Therefore, our aim was to identify if Elbro et al.’s (2012) dynamic reading test could be a suitable diagnostic tool for reading difficulties in a simultaneous multilingual and multiliterate community in Malaysia; and as an auxiliary question, to explore the assertion that such a test would be more sensitive to those reading alphabetic languages as first literacy (Li1). We recruited a convenience sample of 59 Malaysian adults.

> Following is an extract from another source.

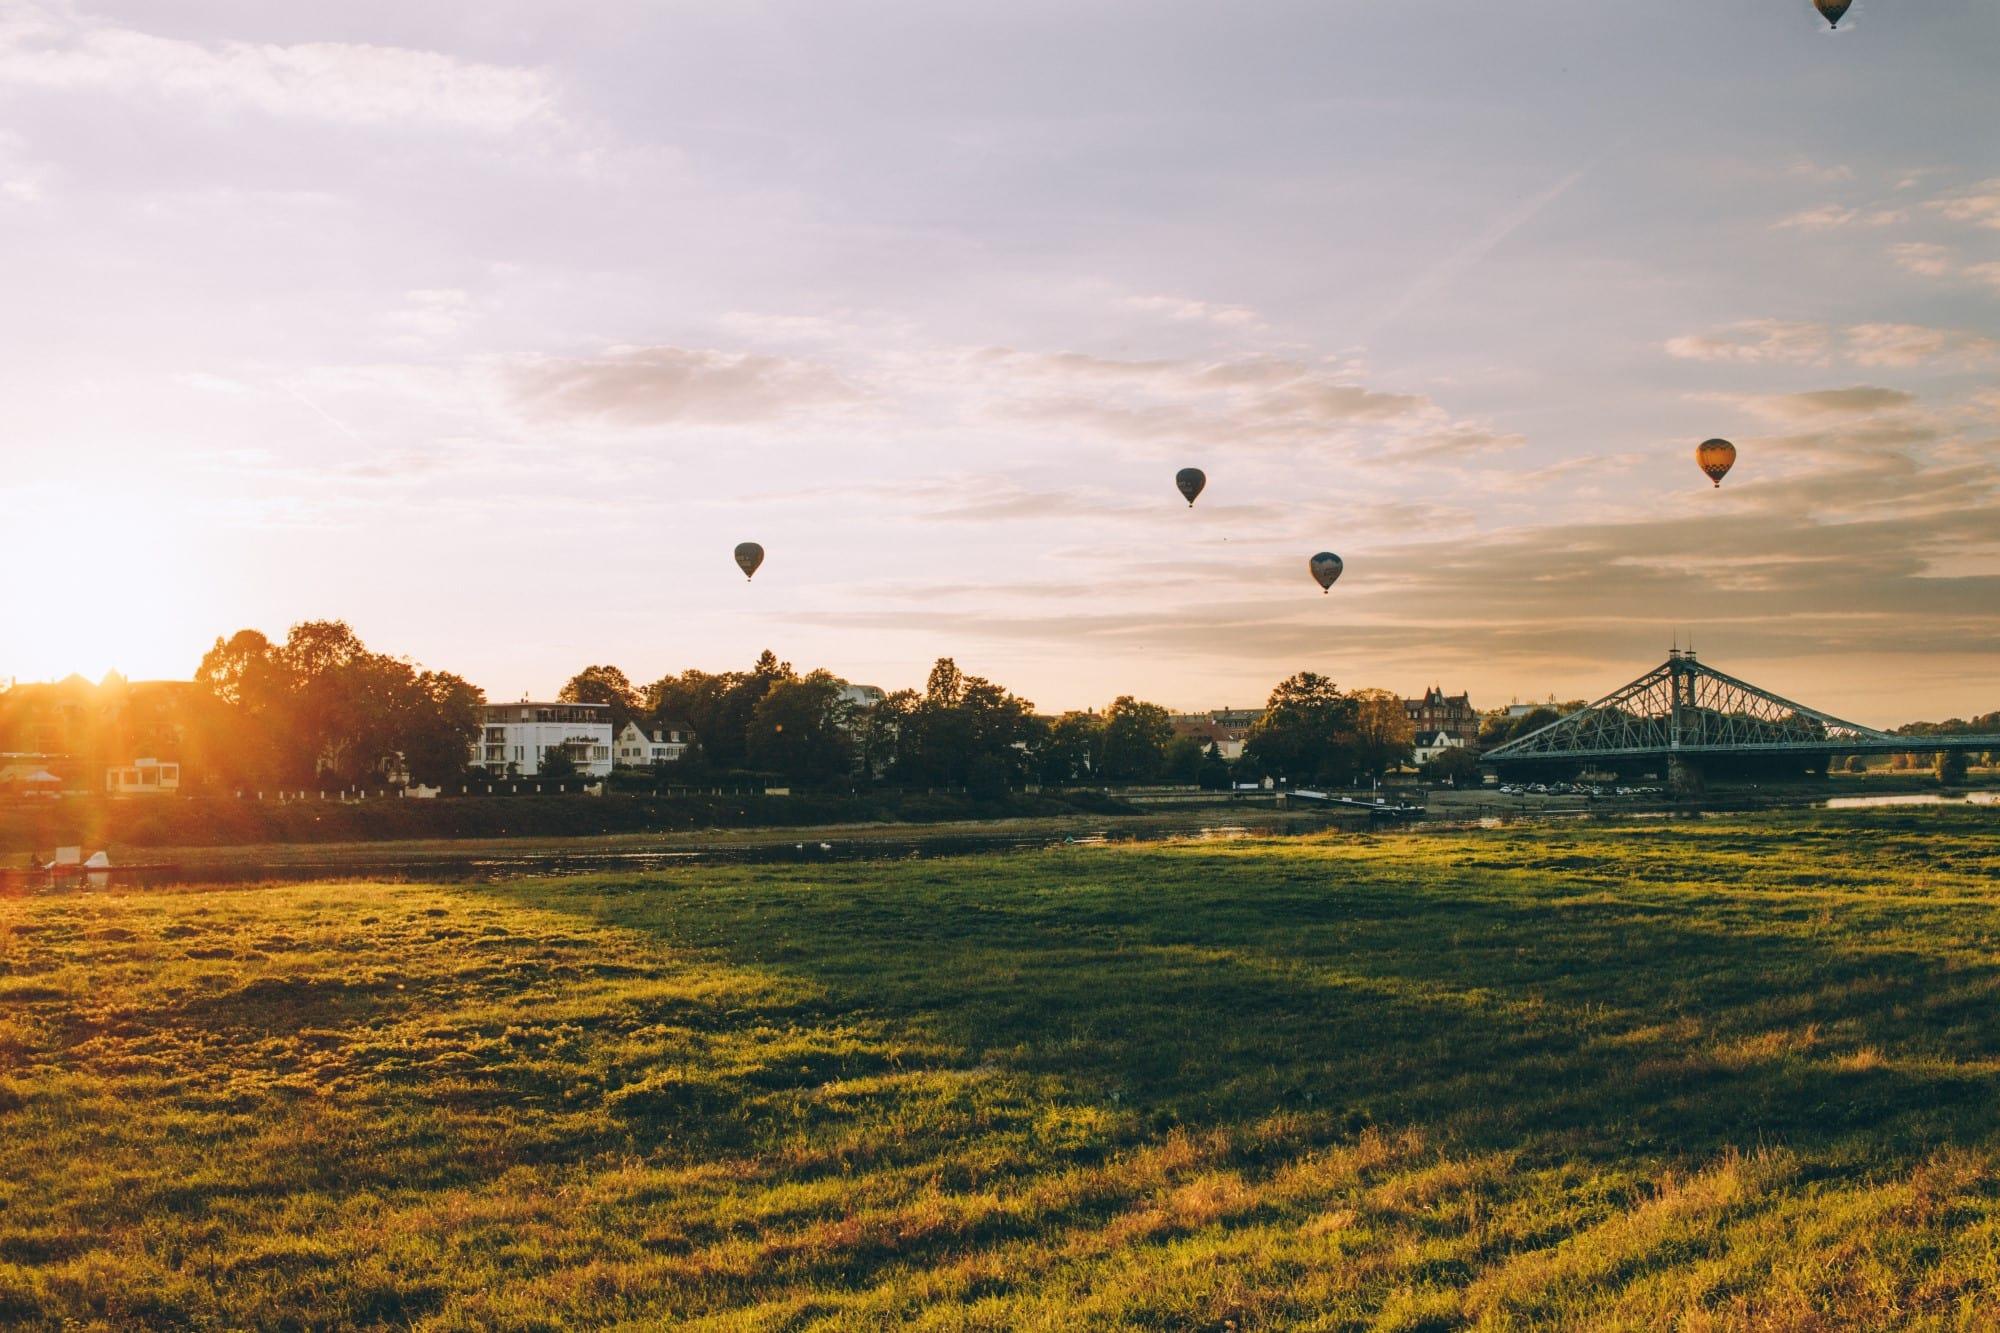 Fine-Art Print: Heißluftballons

Due to limitations in recruiting diagnosed dyslexic adults in Malaysia, we used a lexical decision task (LDT) in English, Chinese and Bahasa Melayu (BM) to identify reading proficiency across these three languages, measured phonological awareness in BM, and aimed to identify possible reading difficulties using the self-report Adult Reading History Questionnaire (ARHQ; Lefly & Pennington, 2000). Approximating Elbro et al.’s approach, we compared two reading proficiency groups based on English LDT reaction time (as accuracy was near ceiling) on the reading-related measures. We used English LDT as this appeared to be most participants’ first or second most proficient language based on self-report and LDT scores, and was also the language of current education for most participants. Given the lack of objective reading ability groups, we then performed a hierarchical linear regression to identify if reading skill (as measured by LDTs) or potential reading difficulty (ARHQ) were predicted by the dynamic reading test scores, after controlling for phoneme awareness. We then looked at whether those with an alphabetic First Literacy (Li1) showed different patterns of prediction to those with morphosyllabic Li1s, predicting that if Verhoeven and Perfetti (2022) were correct in their assertion that mapping writing to language is a universal skill in reading development, then there would be similar patterns across literacy groups. Language of first literacy was measured using the Language and Social Background Questionnaire (LSBQ; Anderson et al., 2018), modified to capture the multiple languages and literacies found in Malaysia. It was predicted both that the DRT would significantly predict LDT RTs and ARHQ scores taking phoneme awareness into account, and that the morphosyllabic Li1 group would show a similar pattern of results to those in the alphabetic Li1 group.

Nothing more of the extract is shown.